Eximbank also recorded a decline, with Q1 pre-tax profit of 338 billion VND, down more than 50% year-on-year. Although net interest income rose nearly 2%, non-interest income fell sharply. Notably, net interest income from services fell 75% to 36 billion, while foreign exchange trading activity posted a loss of more than 10 billion.
At the annual general meeting at the end of April, Mr. Tran Tấn Lộc, Eximbank's CEO, said the global economy remains unsettled, particularly the conflict in the Middle East disrupting supply chains, pushing oil prices higher and
fueling inflation. These fluctuations directly affect customers' production and business activities, thereby impacting credit quality and banks' results.
Profitability of some banks declines in a difficult environment.
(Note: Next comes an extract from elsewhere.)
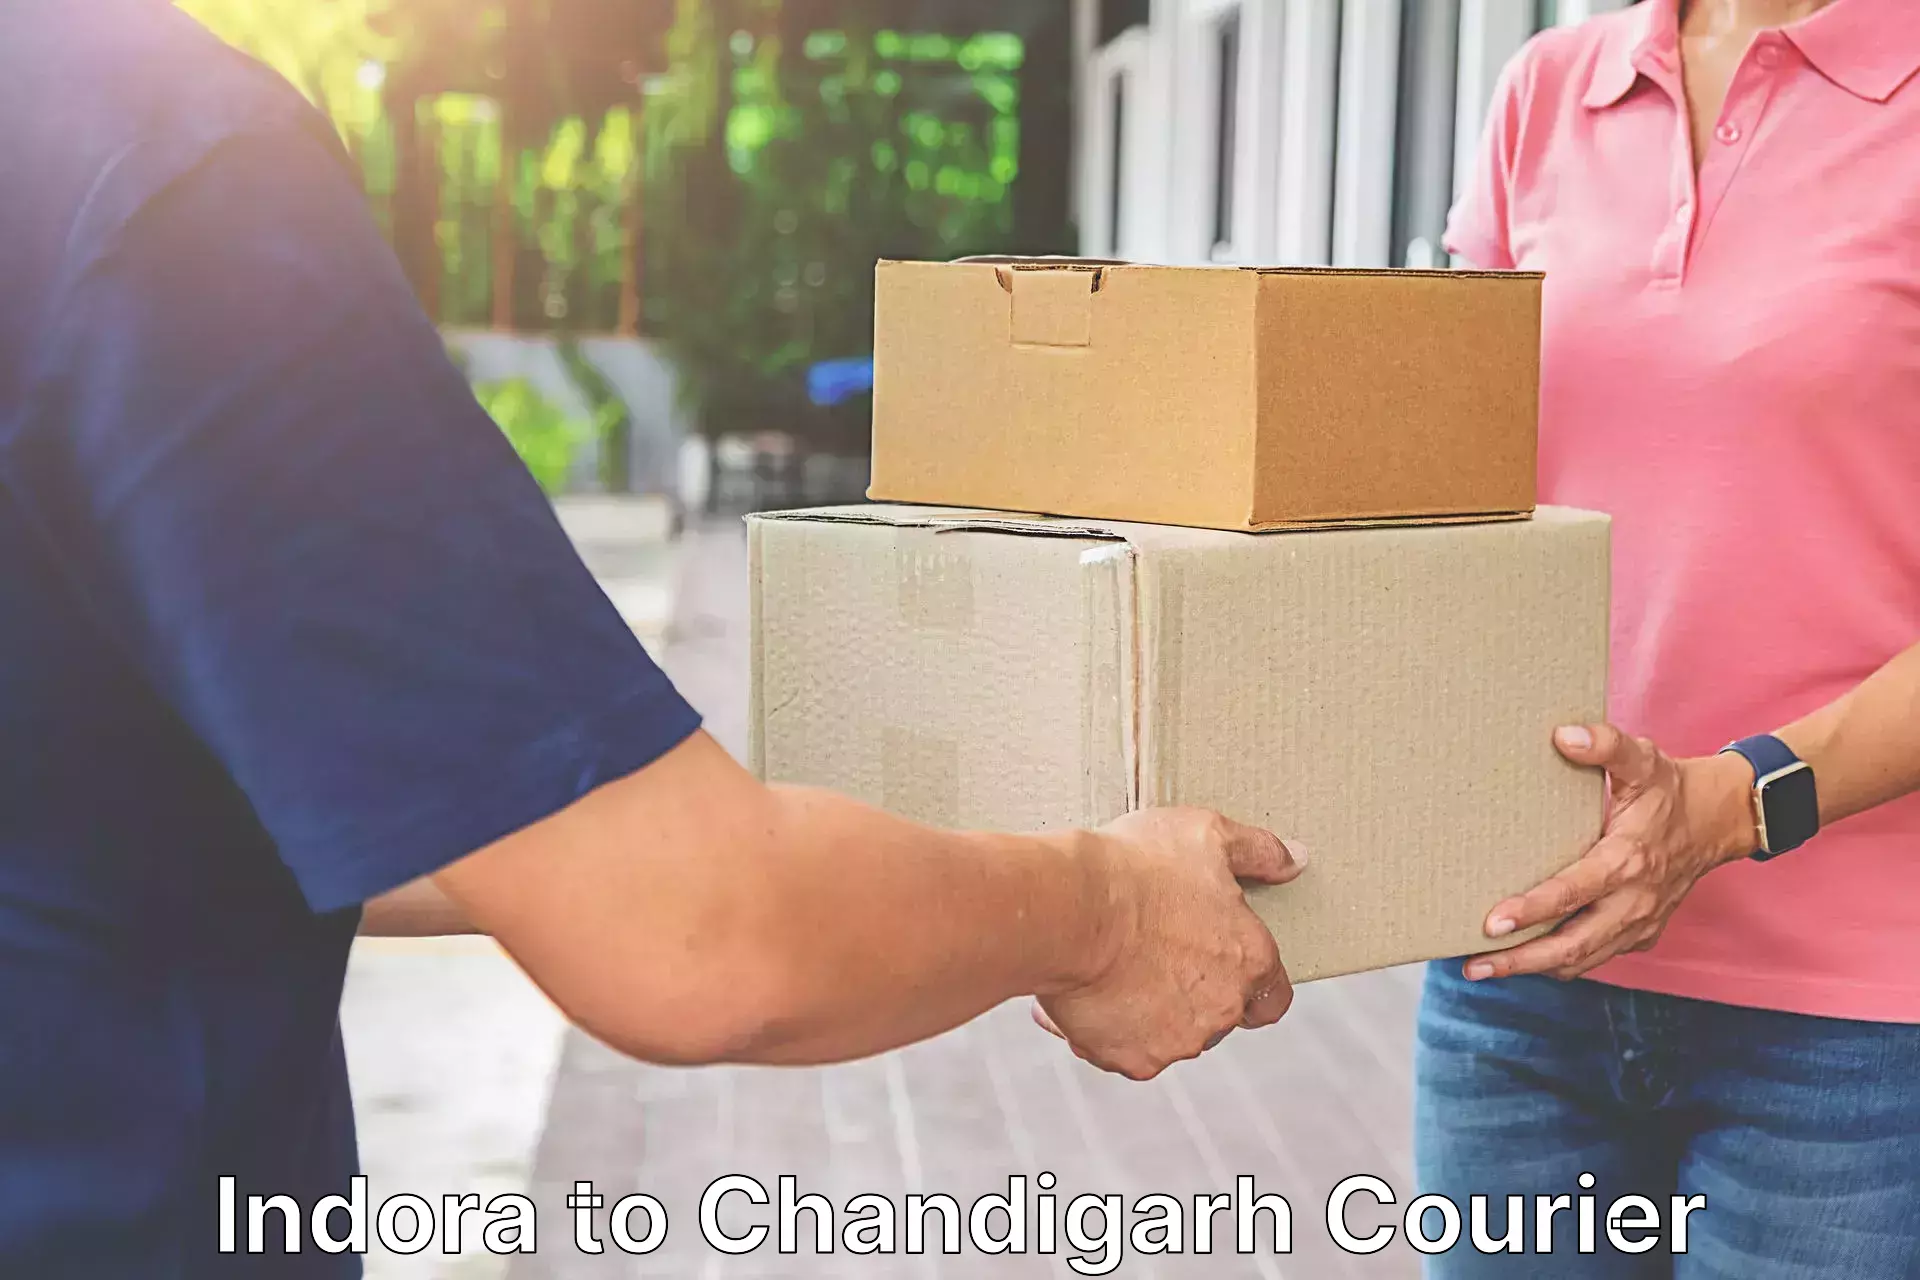 Global logistics network Indora to Chandigarh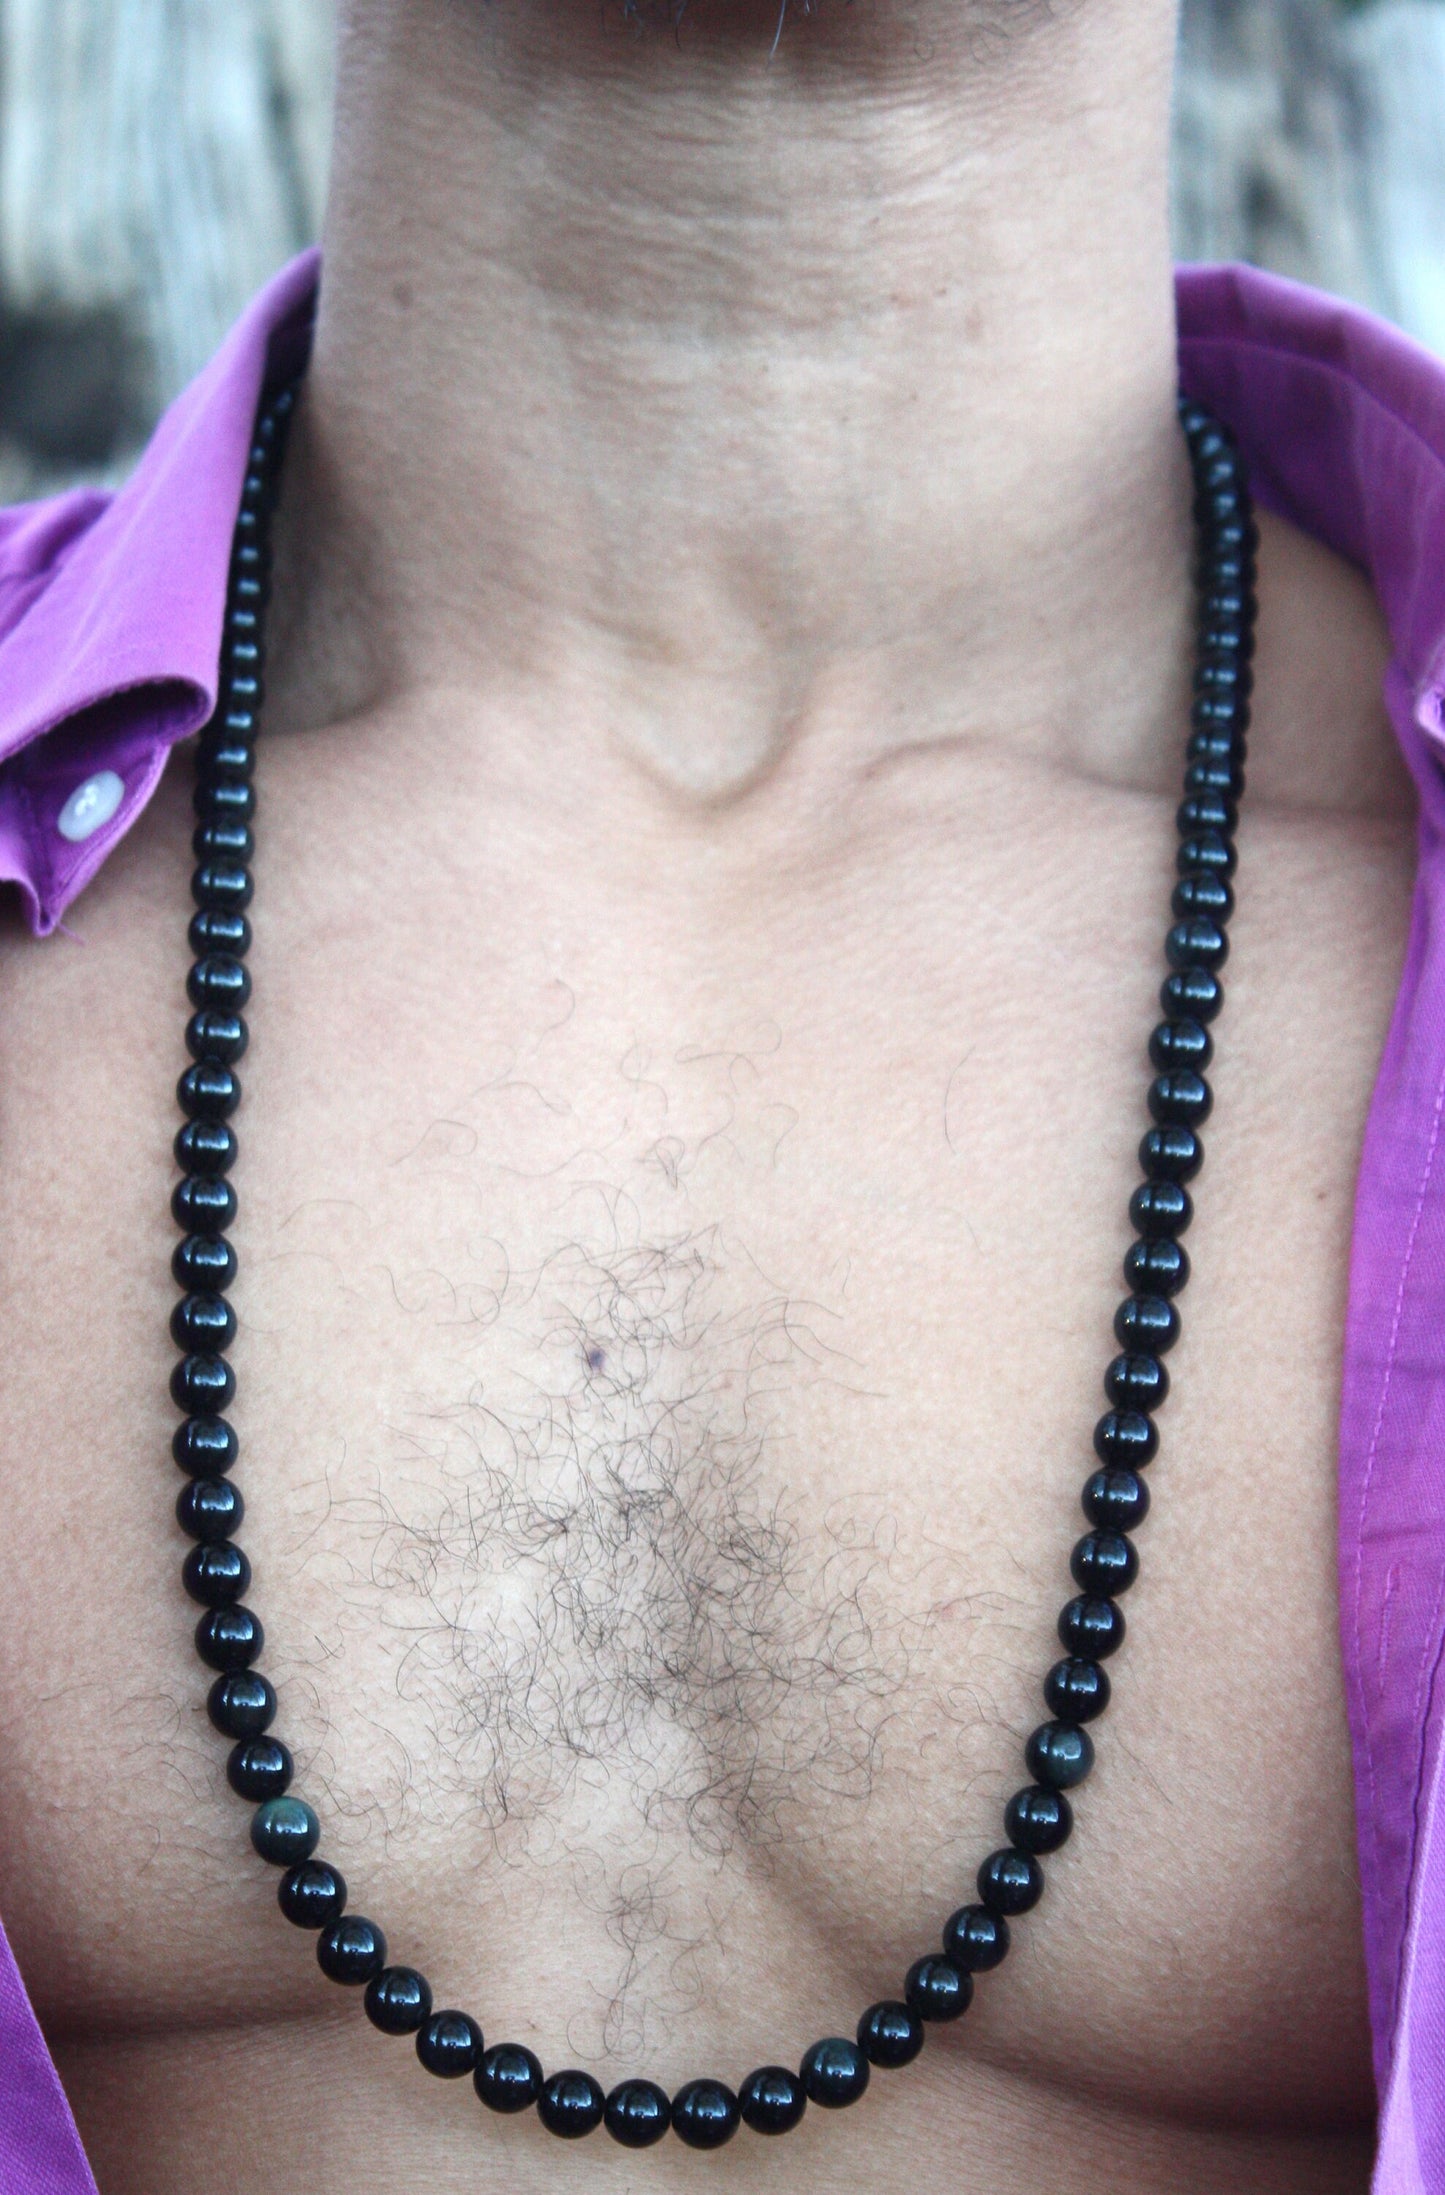 Black Obsidian Necklace - Beaded Gemstone Neckless for Men/Women 8mm Genuine Obsidian Crystal Beads

Sacombank also joined the group with pre-tax profit down 42% to 2,106 billion. The main reason is a sharp rise in risk provisions, from 195 billion to 2,024 billion, more than tenfold year‑on‑year. Although net interest income fell 12% to 6,042 billion, non-interest segments continued to show positive signals, especially net income from other activities turning from a loss of 104 billion to a gain of 324 billion. However, this gain was not enough to offset the provisioning surge, resulting in lower overall profit. Nevertheless, the bank still achieved about 26% of its annual profit target.
LPBank also posted a 11% drop in pre‑tax profit to 2,826 billion, though net interest income rose 18%. At the AGM, LPBank leadership said 2026 will be the year the bank adopts a more cautious business plan. Mr Vu Quoc Khanh, LPBank’s CEO, said the bank's credit room this year is only 11.7%, lower than expectations, while Q1 banks were limited to roughly 25% of the approved credit growth. This leaves limited room for credit growth. In addition, funding cost pressures at the start of the year have squeezed net interest margins. Although LPBank retains advantages in digital platforms and a wide network, the net interest margin this year is unlikely to be sustained at 2025 levels. The bank is also actively building higher provisions to strengthen its resilience against market fluctuations.